If formally defined we could implement language parsers for this and turn them into level queries and inspect what indexes would be best to use and create. In fact, I could even see this language expanding beyond the level ecosystem because it won't be javascript specific!

dominictarr · 2014-09-22T08:05:43Z

@rvagg absolutely!!! If there is something missing somehow from the nosql movement it's probably easy ways to query your data... and also, come to think of it, to validate it too. everyone writes these orm things that check you have the correct fields. why don't we just INSERT that INTO the DATABASE?
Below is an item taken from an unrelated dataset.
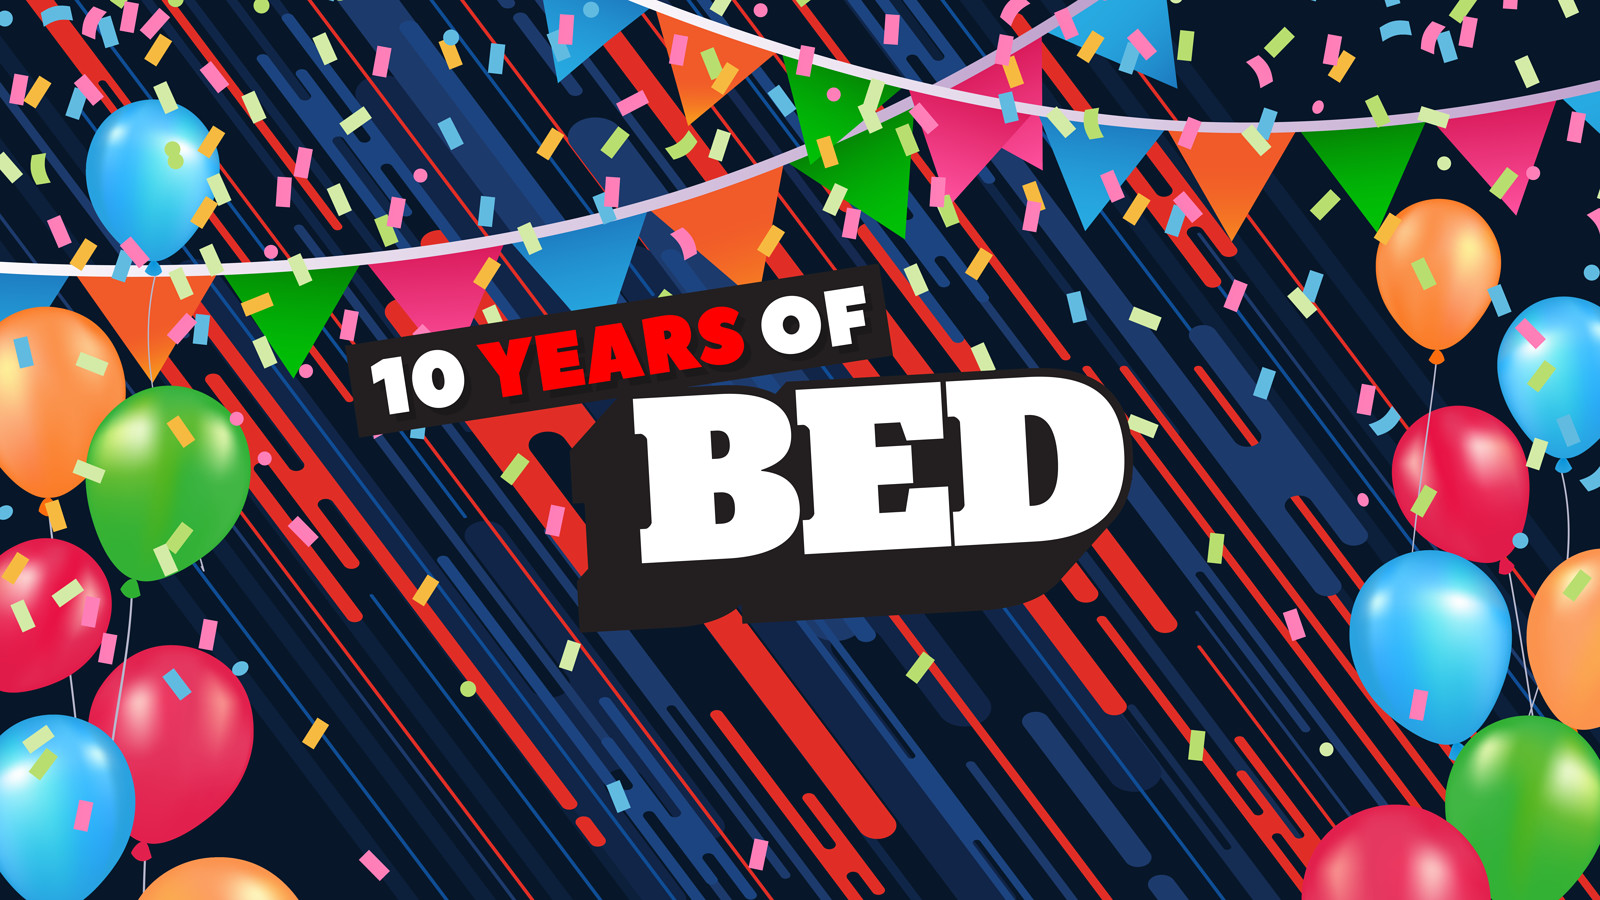 BED Bristol: 10 Years of BED at Gravity Nightclub

if we are gonna create some crazy new language, there is one thing we should keep in mind though...
When you are creating a language it's impossible not to end up with weird querks... Things that next generation of database administrators will resent you for because now everyone uses it so they won't be able to change it. There is basically no way to avoid doing this by accident, so the solution is to actually do it on purpose! like we'll probably need some sort of DELIMITER to break up parts of the query script...
but what if you could reassign the delimiter - programmer tastes inevetiably change and one man's antipattern is another man's best-practice - but what if you could use semicolons one day, but pipes the next? and who knows, maybe this will be actually useful for something.

Also, of course, one of the best things about level-* is being able to have an evented database that TRIGGERS your code when something is inserted, even running a bash script or something.

This would usher us into a whole new era of nosql... maybe NOSQL++ Node's Original Structured Query Language. With "++" so that every one knows it's extra good (we wouldn't want anyone to think this is something we just made up) that is important because we gotta sell this to the enterprise.
This is gonna make building inventory systems and payroll systems etc TOO EASY.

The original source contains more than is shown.